These examples illustrate how the WER metric works in practice. It captures not just outright incorrect words but also when words are omitted or added, which can affect the accuracy of the transcription.

In terms of hardware and training hyperparameters, I ran the fine-tuning on two A100 GPUs with 80GB of memory. I set the batch size to 16, and with gradient accumulation set to 2, this created an effective batch size of 32. The learning rate started at 1e-5, with 500 warm-up steps to ensure a smooth training curve. At the end of each epoch, the model evaluated its performance on a random subset of approximately 70-100 samples from the test set. To prevent overfitting, I included an early stopping mechanism that halted training if WER did not improve after three epochs.

Section 5.3 | Fine-Tuning Results

During training, the model achieved a final average evaluation WER of 11.56%, measured at periodic intervals. These periodic evaluations, conducted during training, transcribed a subset of 70-100 audio samples. To gain a more comprehensive understanding of the model’s performance, I later exported the model locally and evaluated it on the full set of 2,900 test samples. The model produced an average WER of 15.08%. I repeated this evaluation twice more to confirm the consistency of the results.

For comparison, I tested the pretrained Whisper medium.en model (without fine-tuning) on the same set of test audios. The pretrained model performed significantly worse, with an average WER of 94.59%. This represents a relative improvement of 84.06% by the fine-tuned model compared to the pretrained model. In plain terms, this means the fine-tuned model is 84% less likely to transcribe words incorrectly than the pretrained Whisper medium.en model.

Fine-tuning the model attuned it more effectively to the nuances of ATC communications, including differentiating between human speech and background noise/static, and recognizing aviation-specific jargon and vocabulary. As a result, the fine-tuned model is much better at handling the distinct characteristics of ATC communication, making it 84% less likely to make transcription errors or hallucinate, including mistakenly transcribing background noise as words or getting stuck in a loop producing the same token repeatedly.

These results highlight the significant impact of domain-specific fine-tuning, demonstrating how it greatly enhances transcription performance in specialized areas like ATC communication.

The CSV files containing the evaluation data, along with the evaluation scripts, for both the fine-tuned and pretrained models, and the pretrained model’s prediction normalization code can be found in the project’s repository.

Section 5.4 | Evaluation Limitations

When training machine learning models, proper evaluation is crucial for understanding your model’s performance. For transcription models, Word Error Rate (WER) is typically used. As mentioned previously, WER measures errors such as insertions, deletions, and substitutions in transcriptions. While it is almost universally used, WER has inherent limitations, particularly because it doesn’t consider the meaning of words and treats all errors equally. This can lead to overly harsh assessments, especially in domains like Air Traffic Control, where minor transcription mistakes may not significantly impact communication.
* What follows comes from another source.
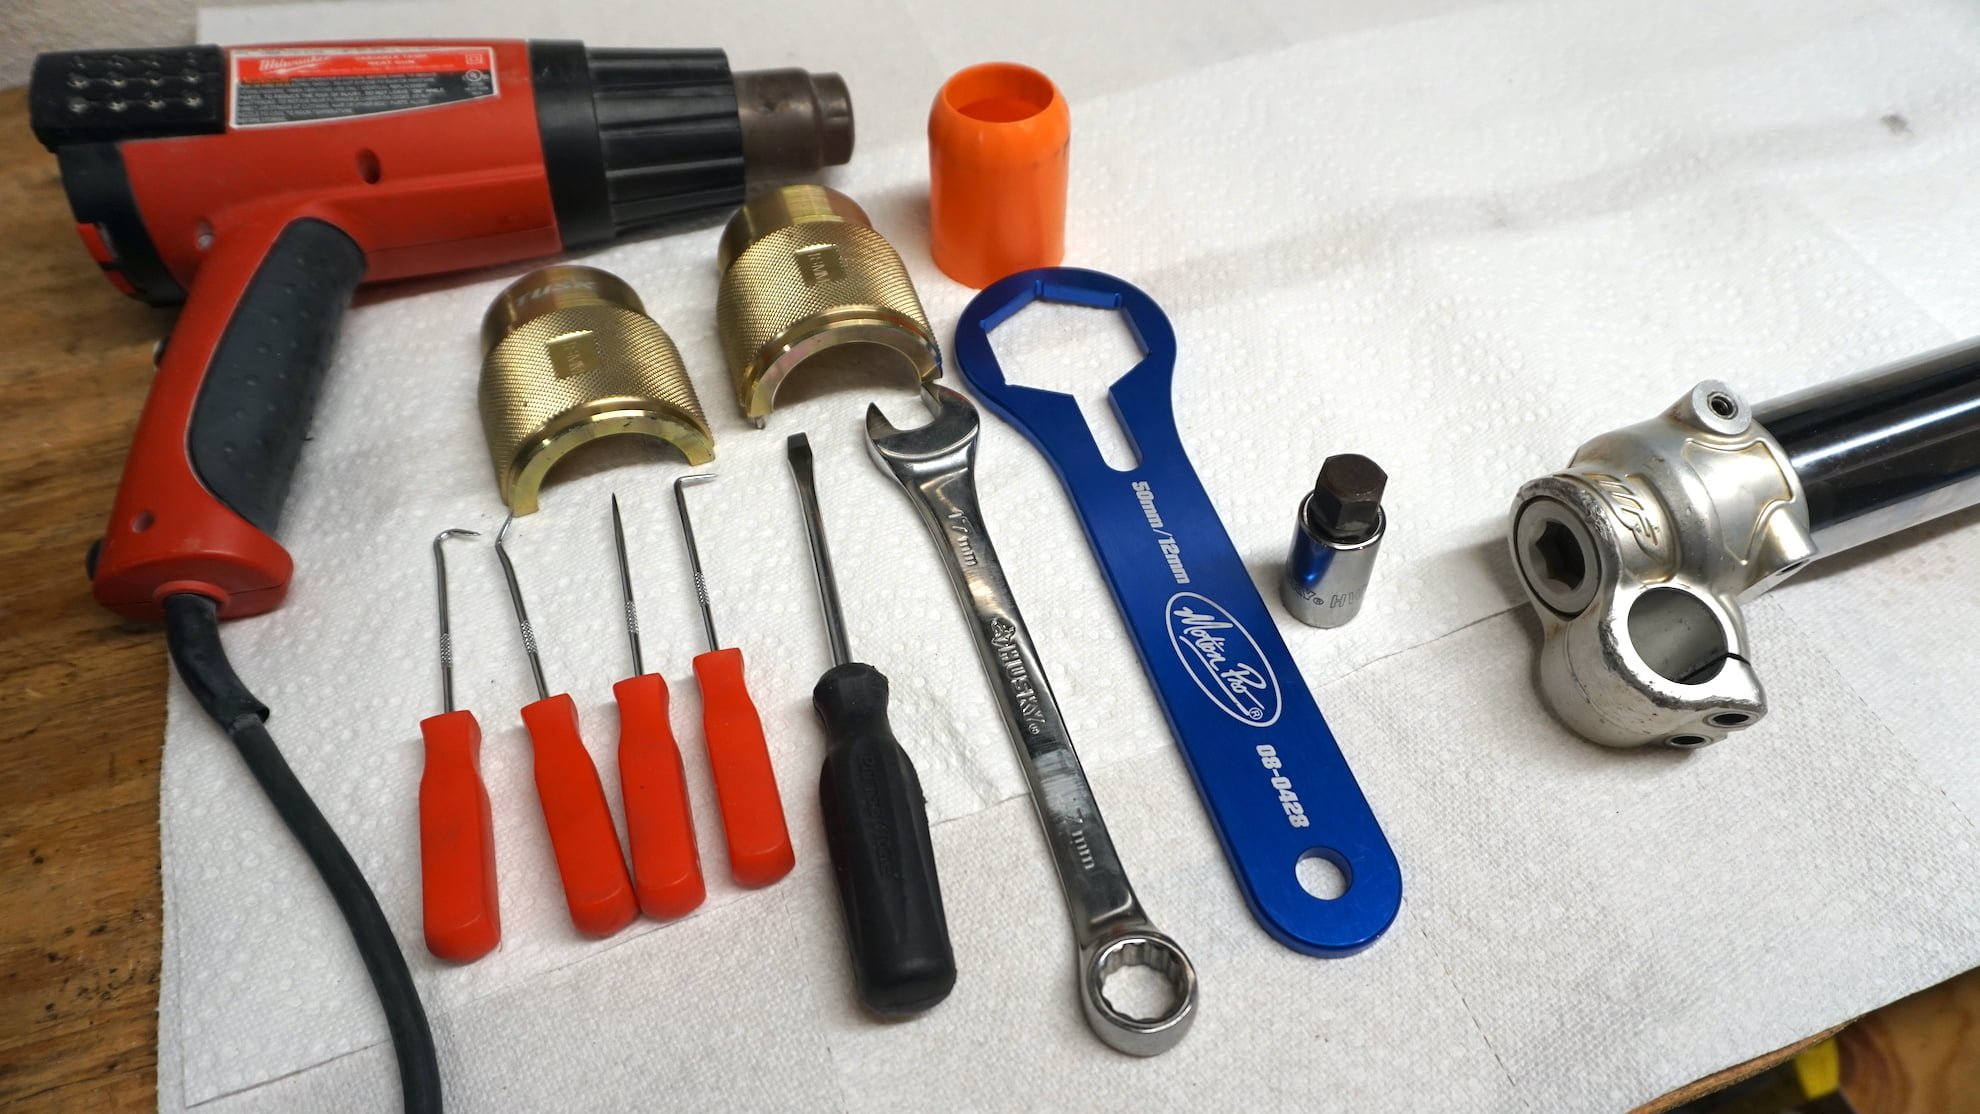 Recommended tools for rebuilding dirt bike forks laid on the table
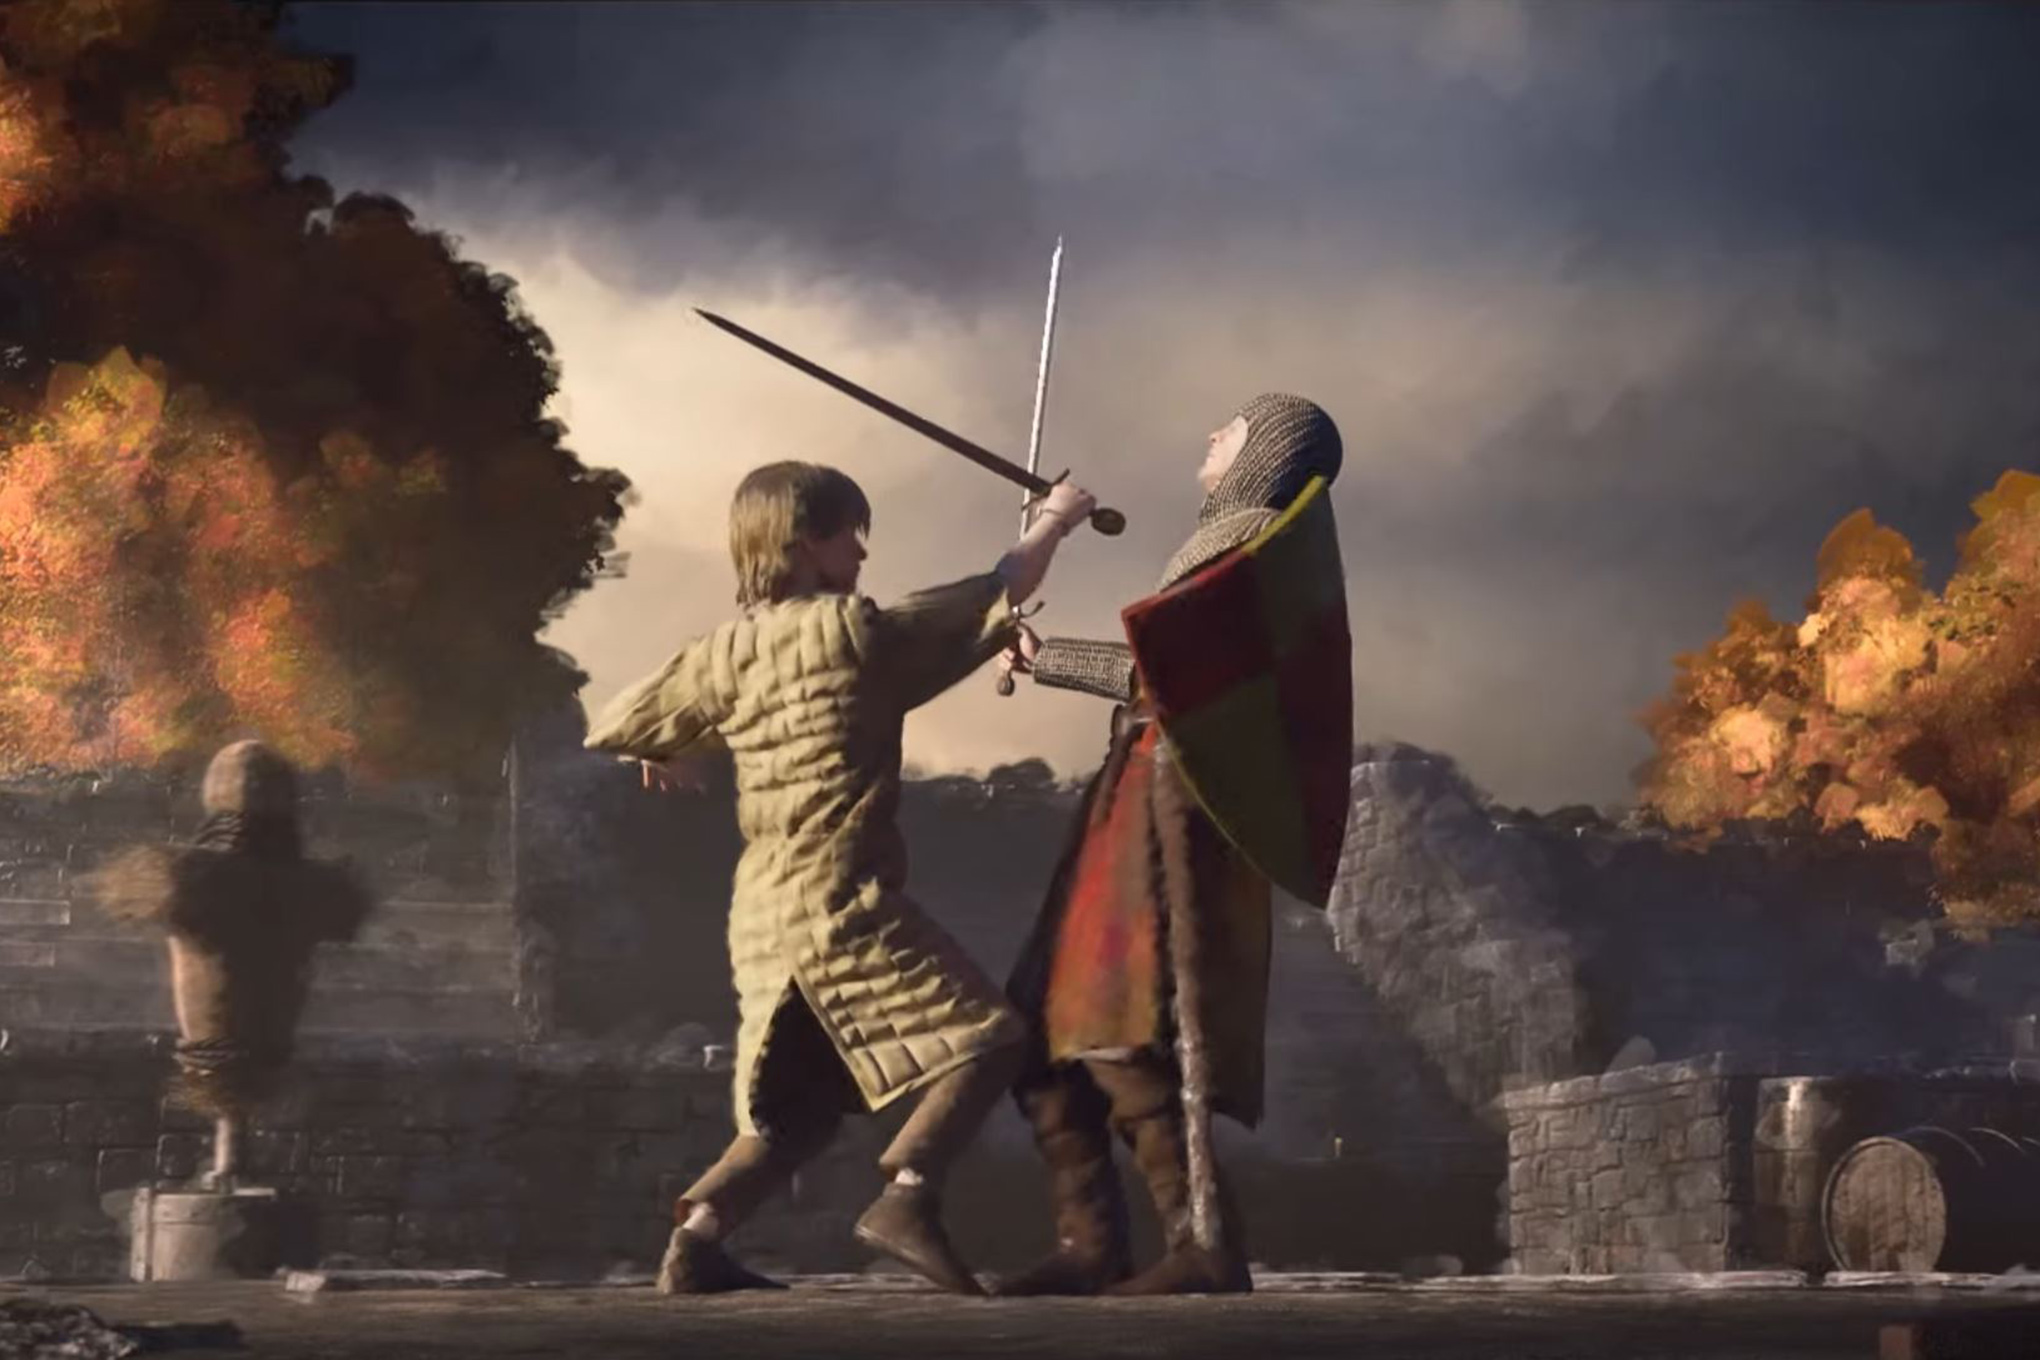 A still frame from the Crusader Kings 3 launch date reveal trailer shows a young prince training with a sword and shield.

WER provides a straightforward method for evaluating errors by comparing predicted and actual words. However, it doesn’t account for subtleties like meaning or word proximity. For instance, predicting “approve” instead of “approved” counts as a full error, even though the intended meaning is essentially the same. Moreover, WER penalizes minor misspellings just as harshly as completely missing a word, which can skew the true picture of the model’s performance. These limitations become especially noticeable in real-world applications, where precision is important but capturing the intent behind the words may be even more crucial, particularly in fields like aviation and Air Traffic Control.

When evaluating the fine-tuned model against the pretrained Whisper model, I encountered additional challenges. My dataset used expanded, lowercase transcriptions, while the pretrained Whisper model produced transcriptions in a more formal ATC syntax. This mismatch in style and format skewed the evaluation, as the models generated outputs in different styles. To address this, I created a normalized prediction function to align both models’ outputs and ran the pretrained models evaluation on the normalized predictions. The normalization process ensured lowercase text, expanded numbers from their digit form to their word form, and expanded frequencies, runways, and altitudes, among other things.

Despite these adjustments, WER’s inherent limitations, such as case sensitivity and strict syntax matching, remained a challenge, highlighting the need for more content-focused evaluation methods that better capture the intent and meaning of transcriptions.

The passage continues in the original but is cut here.